TASK DESCRIPTION: Please write out exactly, without any picture, each line from the first in the listing through the line that includes "5 sneaky ways".

RECORDED DATA:
##############################
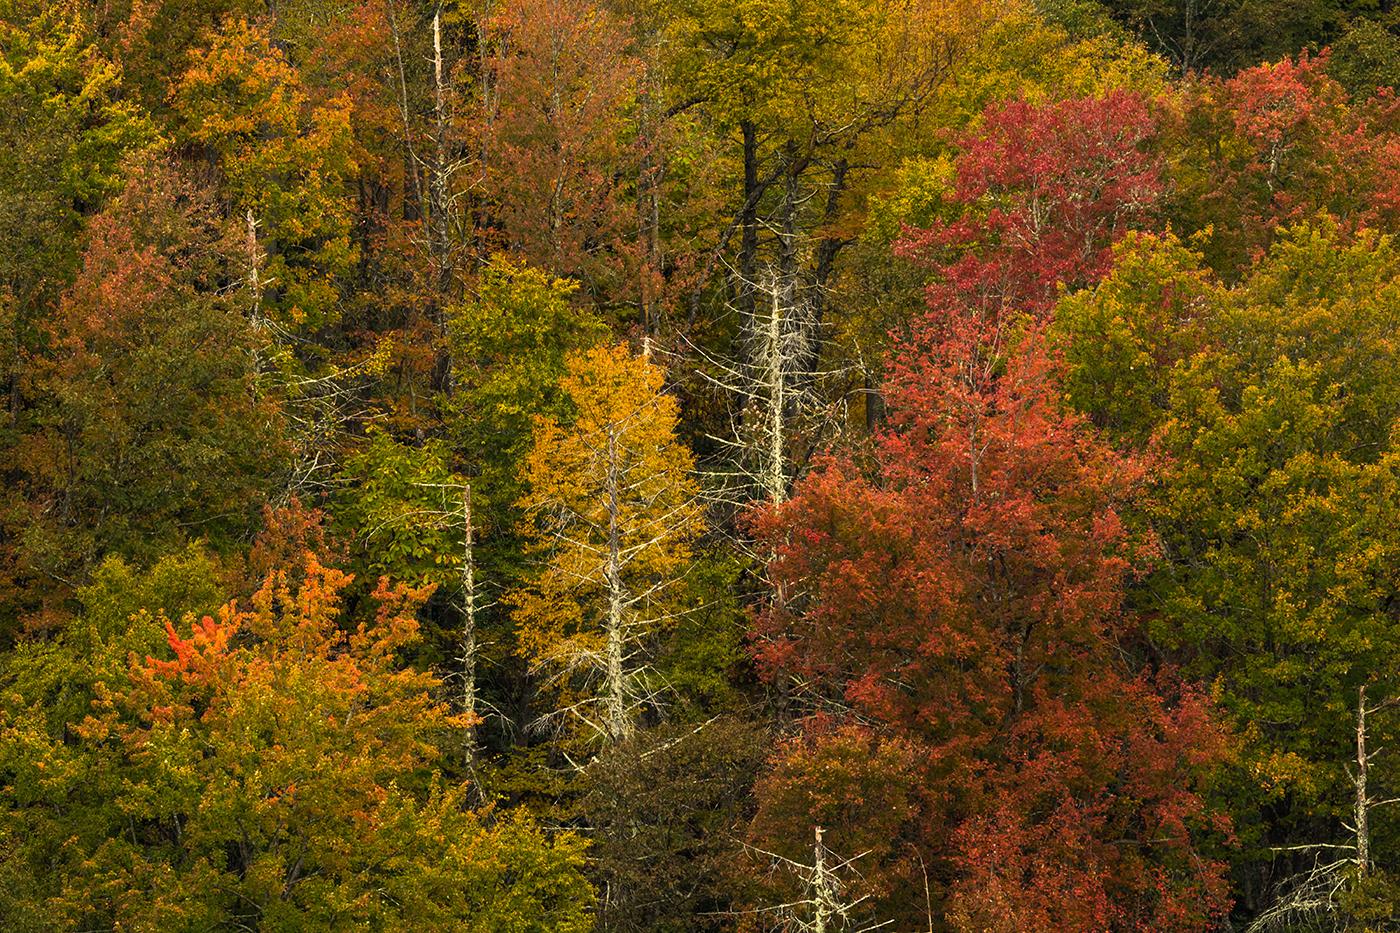 Autumn Glimpse
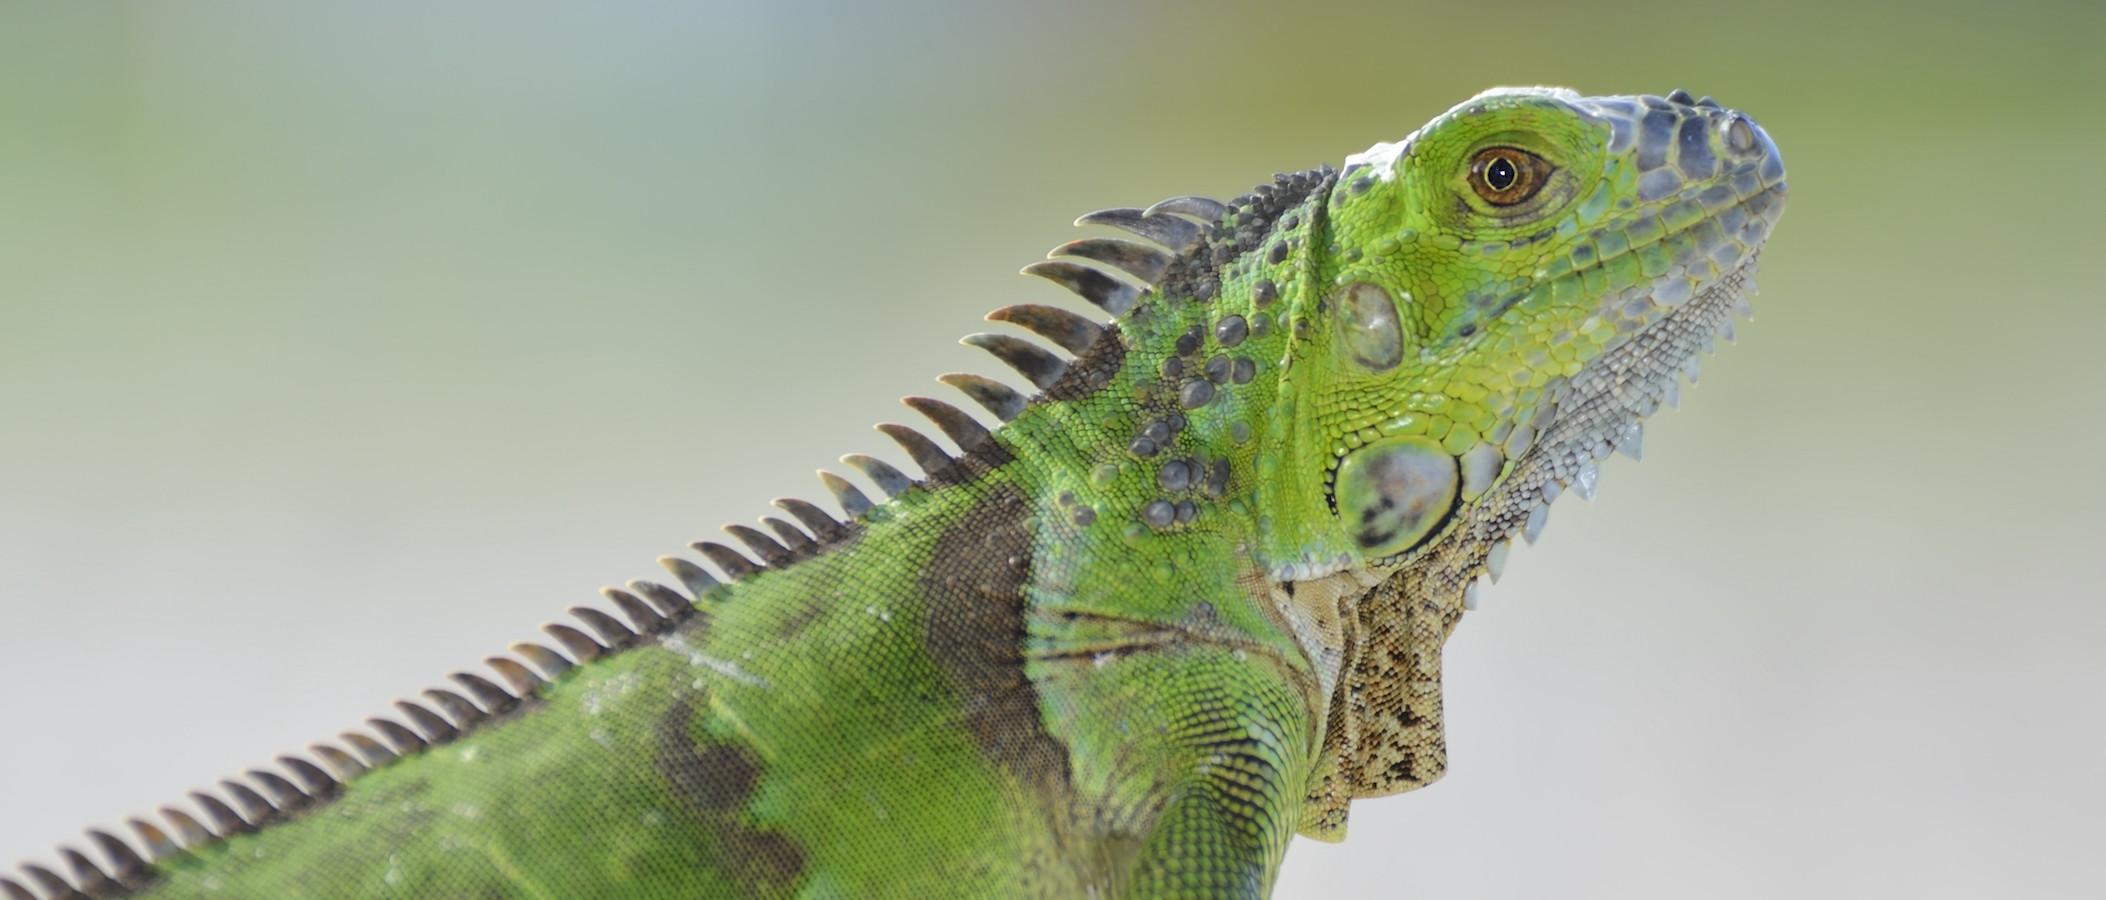 Green Iguana Basking On The Stone Wall
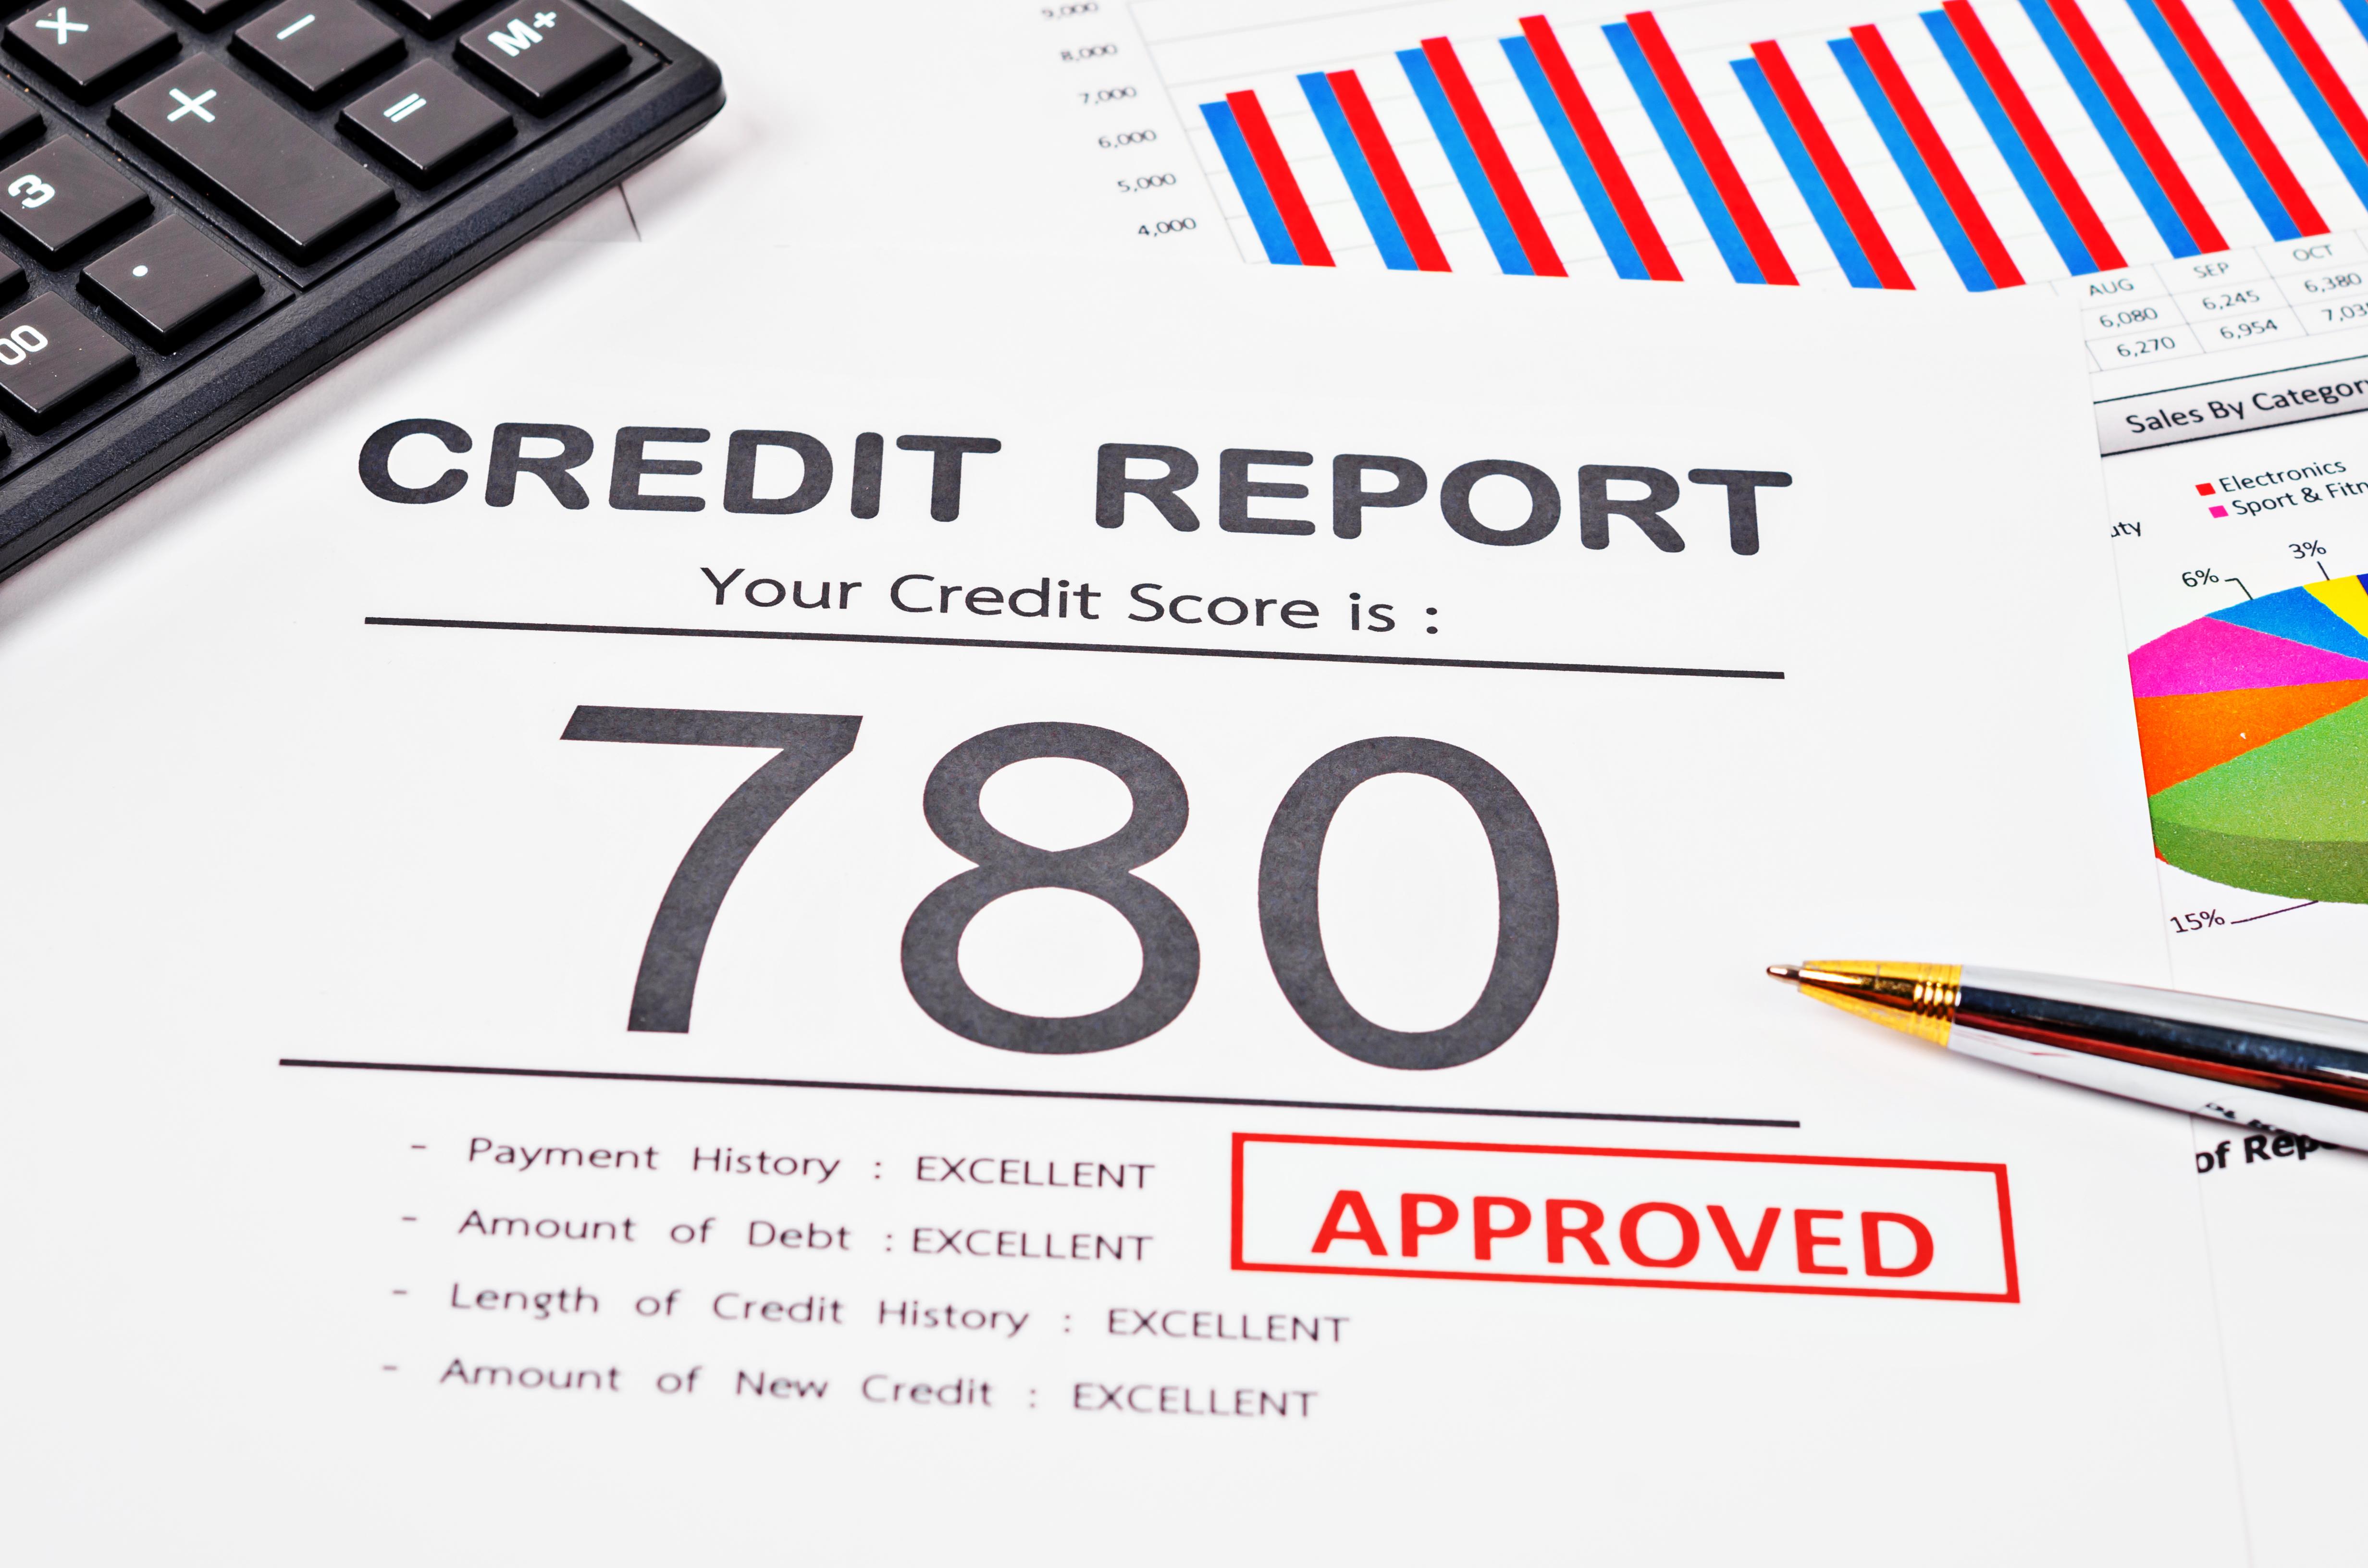 5 sneaky ways to improve your credit score - Clark Howard
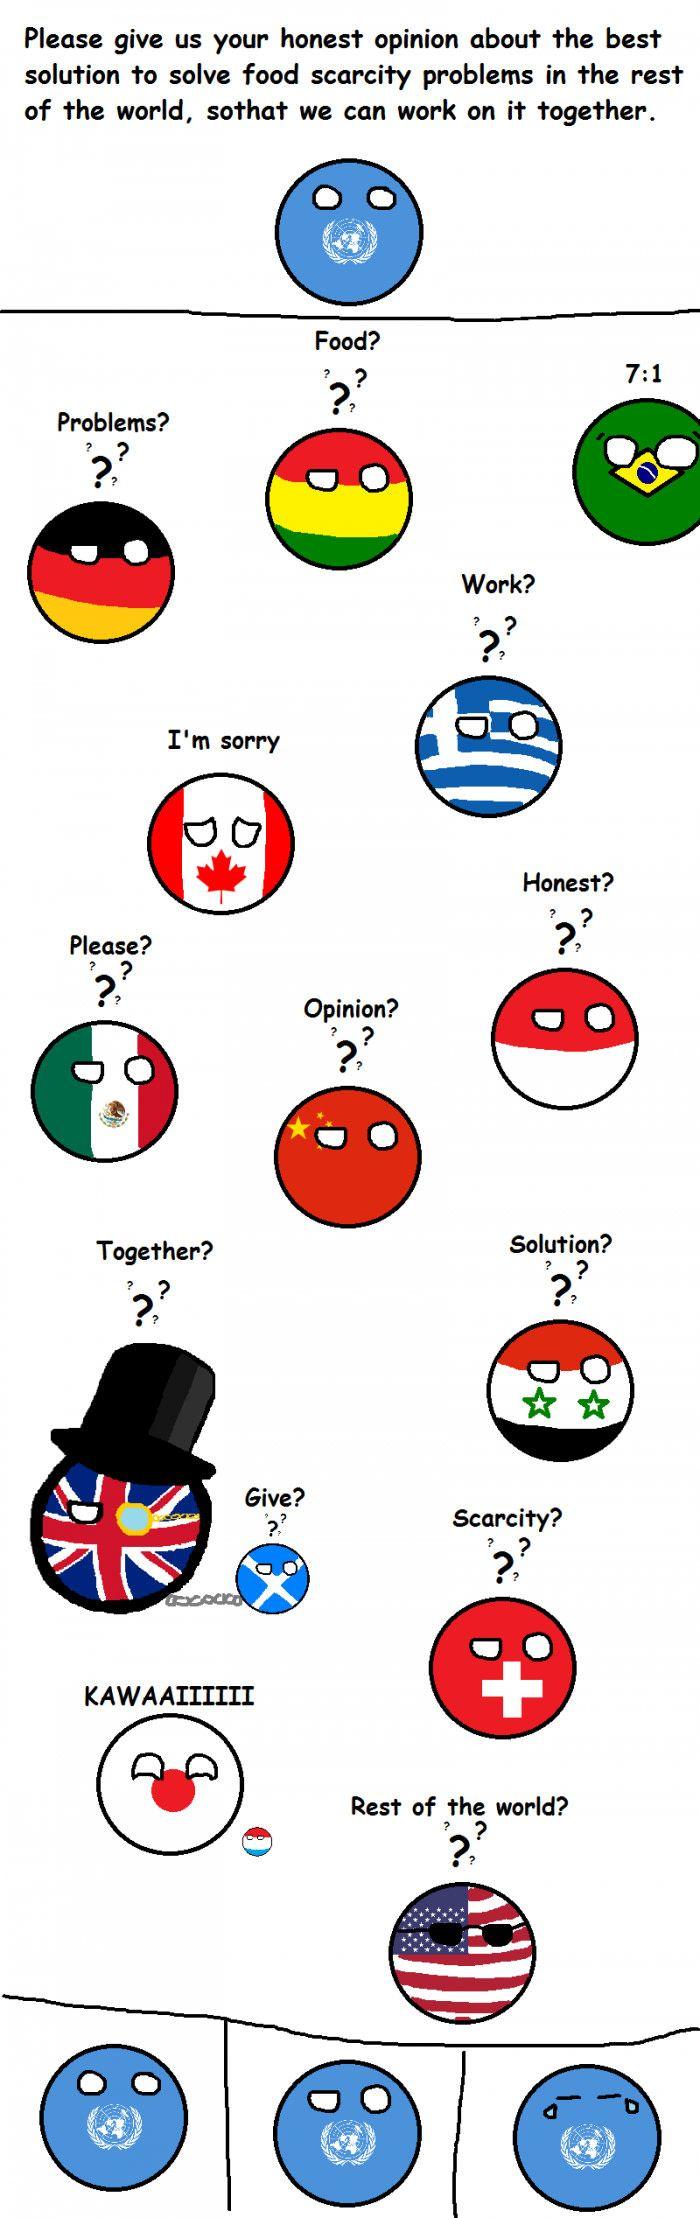 Poor UN (Canada, Poland, China, Syria, USA, UK, Scotland, Japan, Switzerland, Greece, Germany, Mexico, Luxembourg, Bolivia, Brazil, UN)
##############################
ANSWER SECTION:
 Autumn Glimpse
 Green Iguana Basking On The Stone Wall
 5 sneaky ways to improve your credit score - Clark Howard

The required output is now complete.